Collected material.

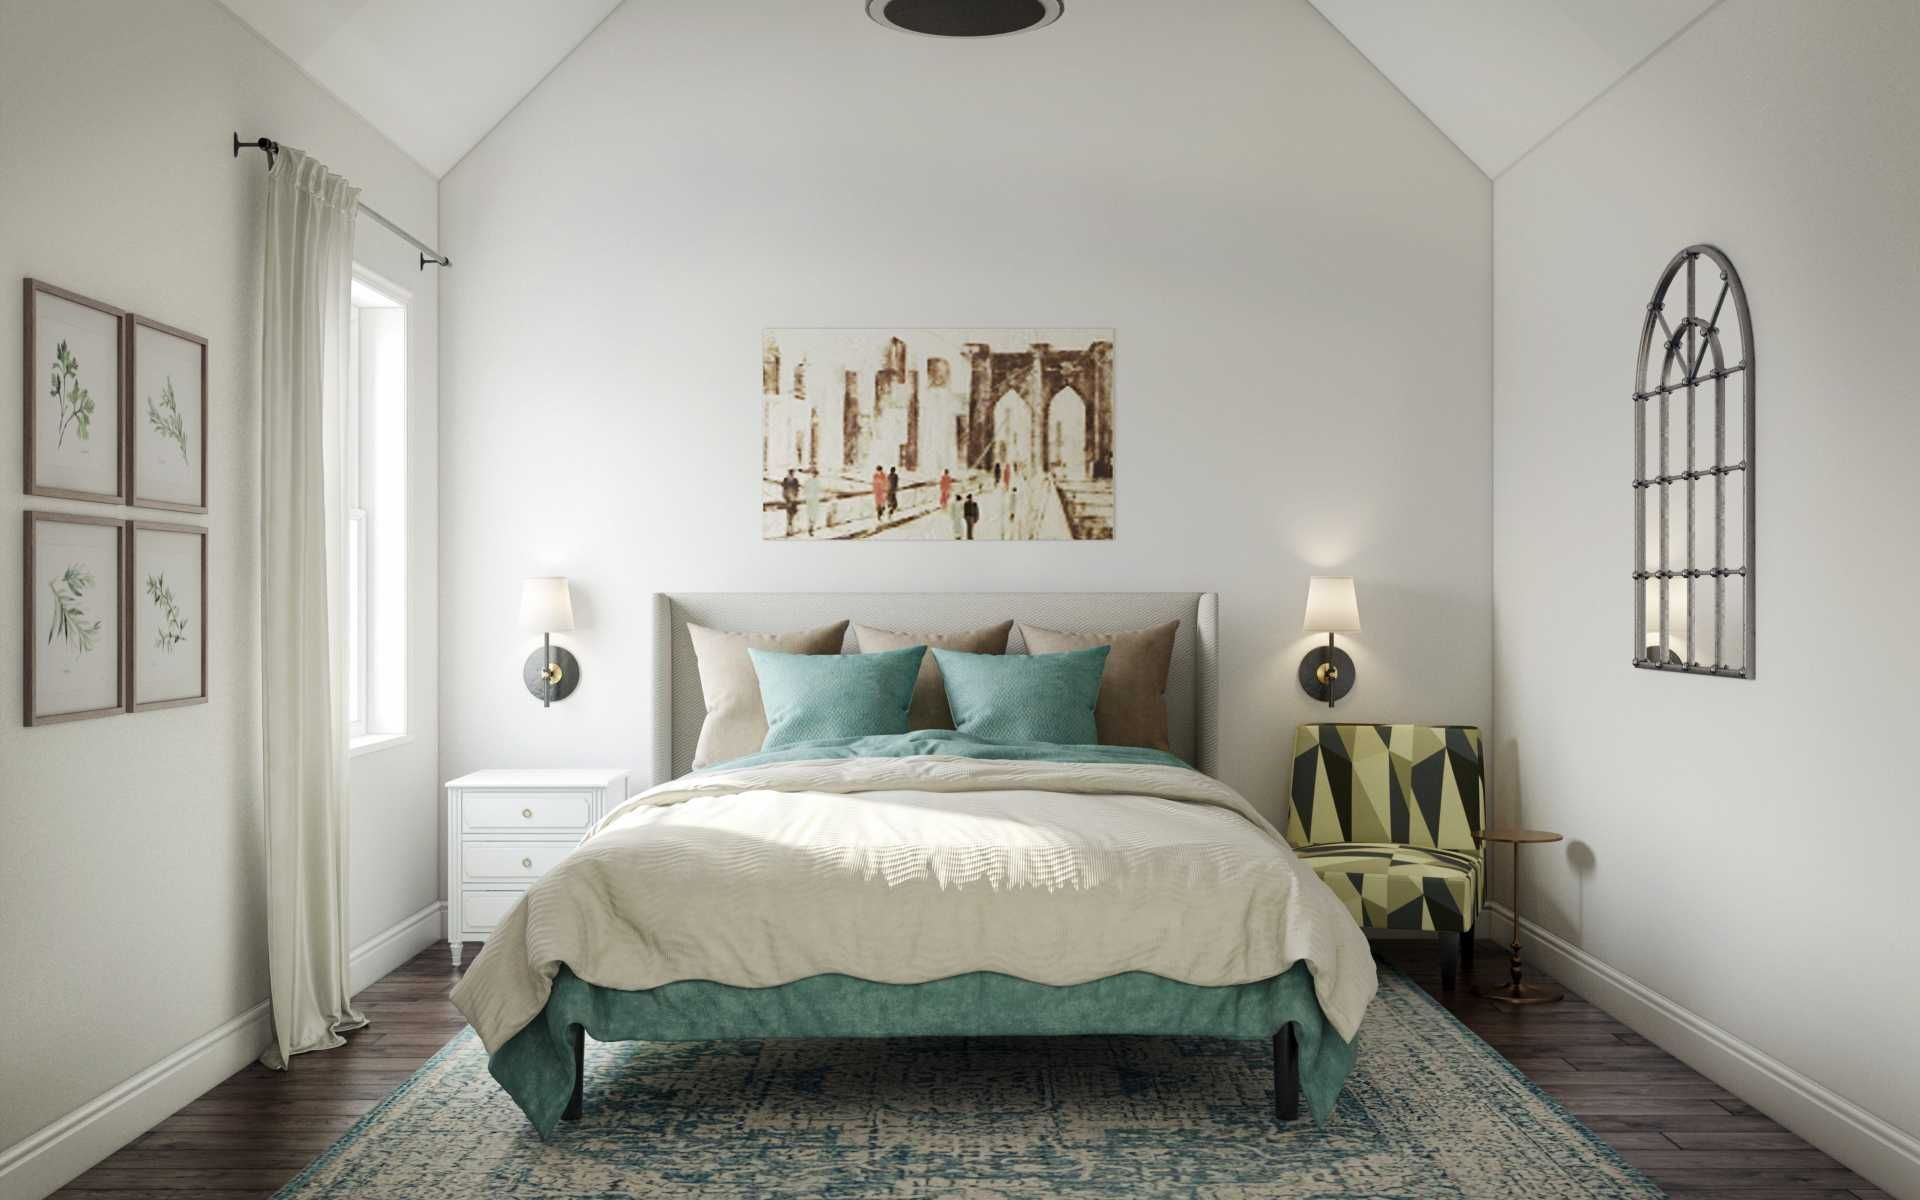 Farmhouse Midcentury Modern Bedroom Design By Havenly Interior Designer Kyla Interior Design Modern Bedroom Design Modern Bedroom
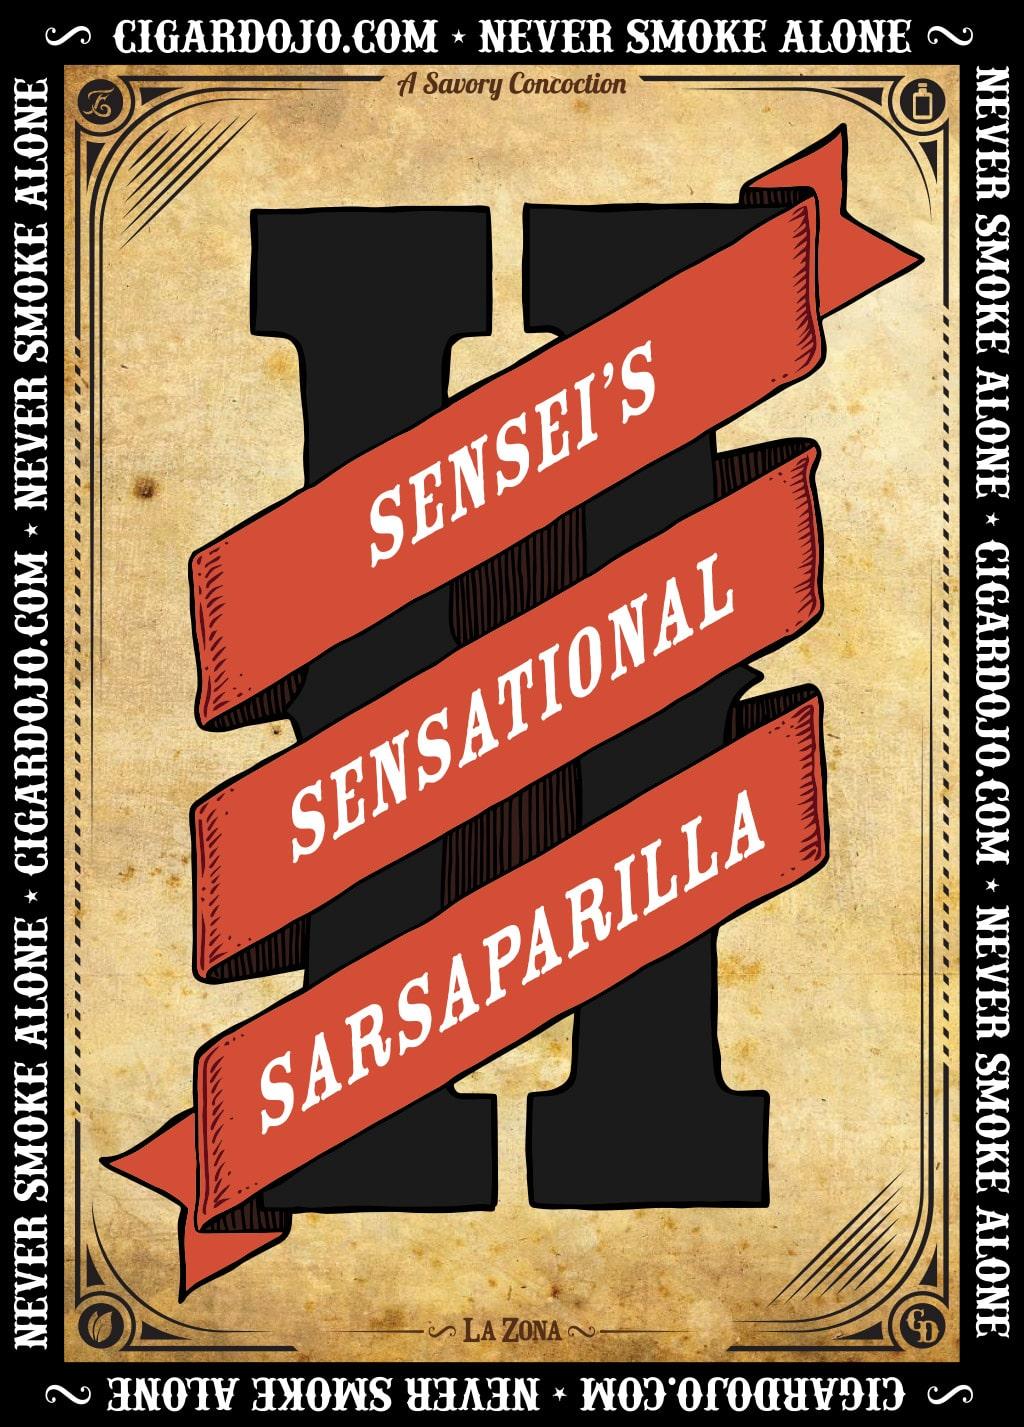 Sensei's Sensational Sarsaparilla II cigar label
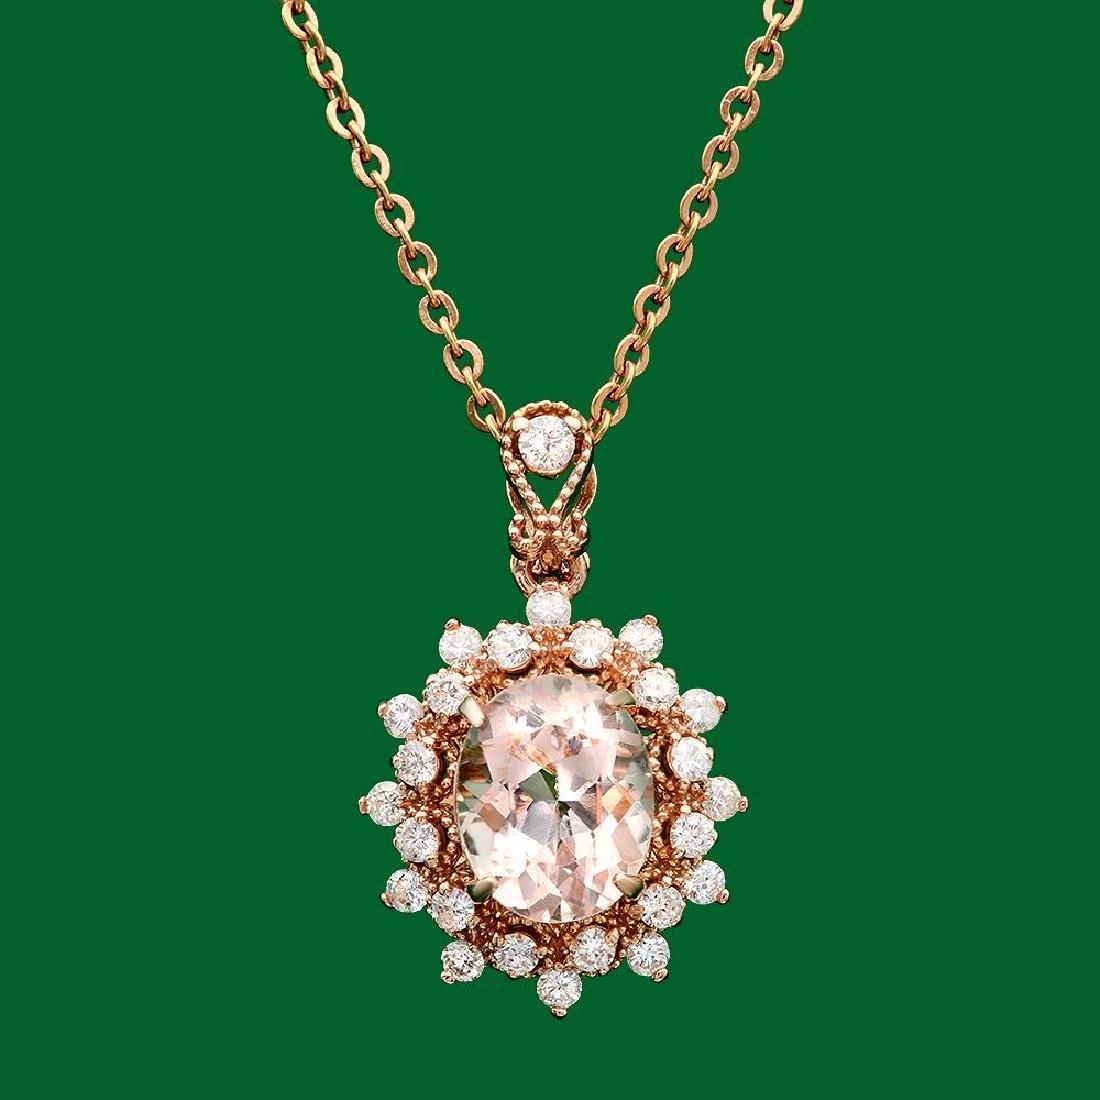 14k Gold 2.67ct Morganite 0.70ct Diamond Pendant
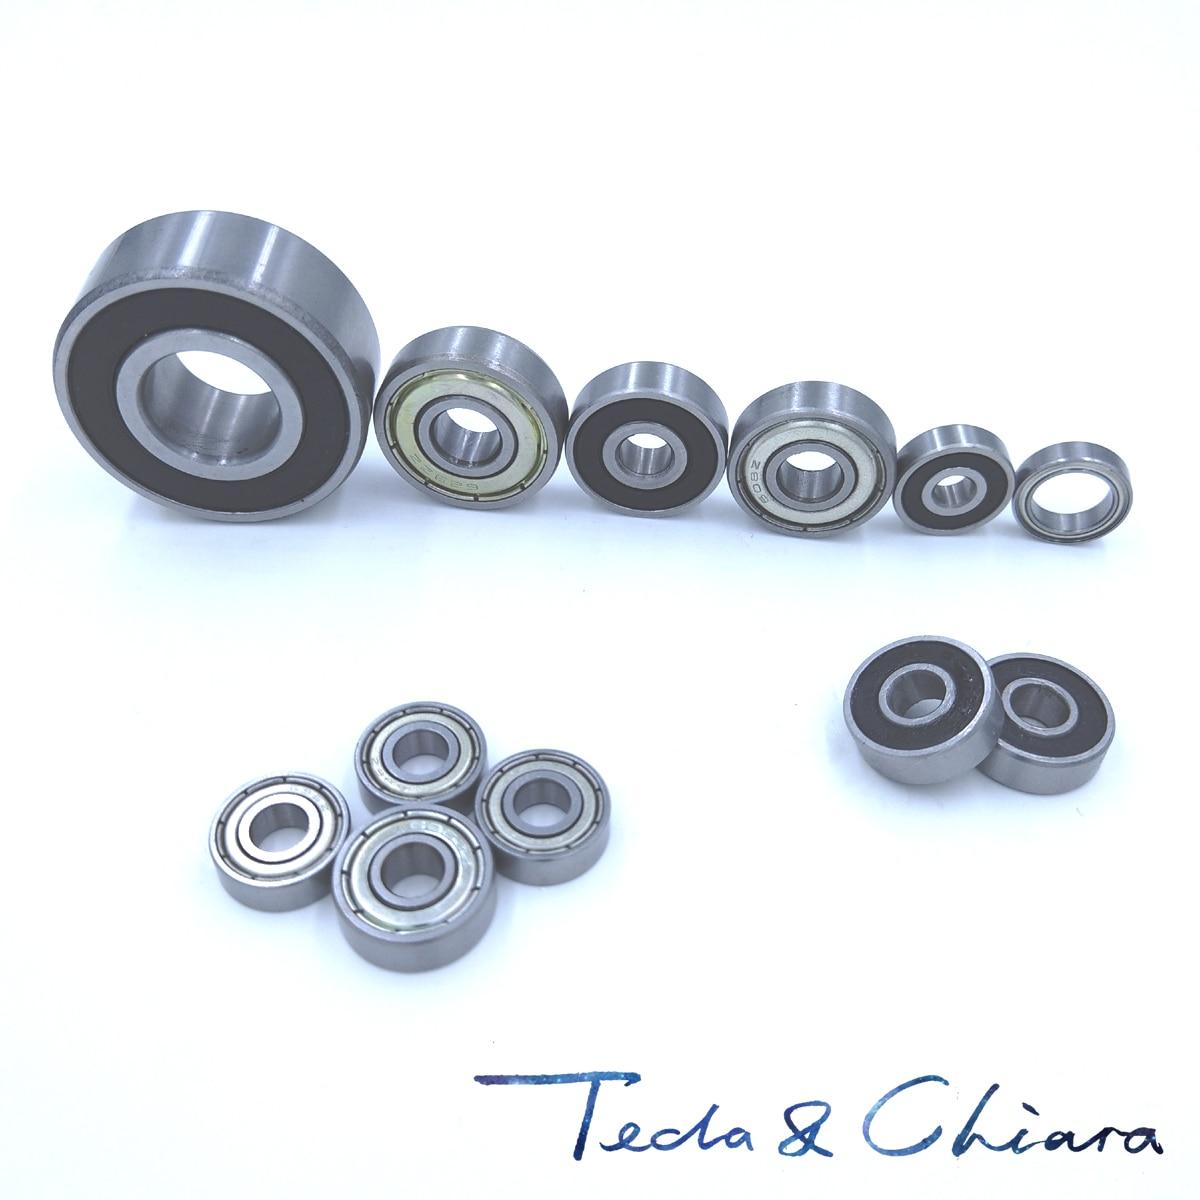 606 606ZZ 606RS 606-2Z 606Z 606-2RS ZZ RS RZ 2RZ Deep Groove Ball Bearings 6 x 17 x 6mm High Quality

What is being asked.
Print out the whole listing word for word. Leave the pictures out.

Finished task.
 Farmhouse Midcentury Modern Bedroom Design By Havenly Interior Designer Kyla Interior Design Modern Bedroom Design Modern Bedroom
 Sensei's Sensational Sarsaparilla II cigar label
 14k Gold 2.67ct Morganite 0.70ct Diamond Pendant
 606 606ZZ 606RS 606-2Z 606Z 606-2RS ZZ RS RZ 2RZ Deep Groove Ball Bearings 6 x 17 x 6mm High Quality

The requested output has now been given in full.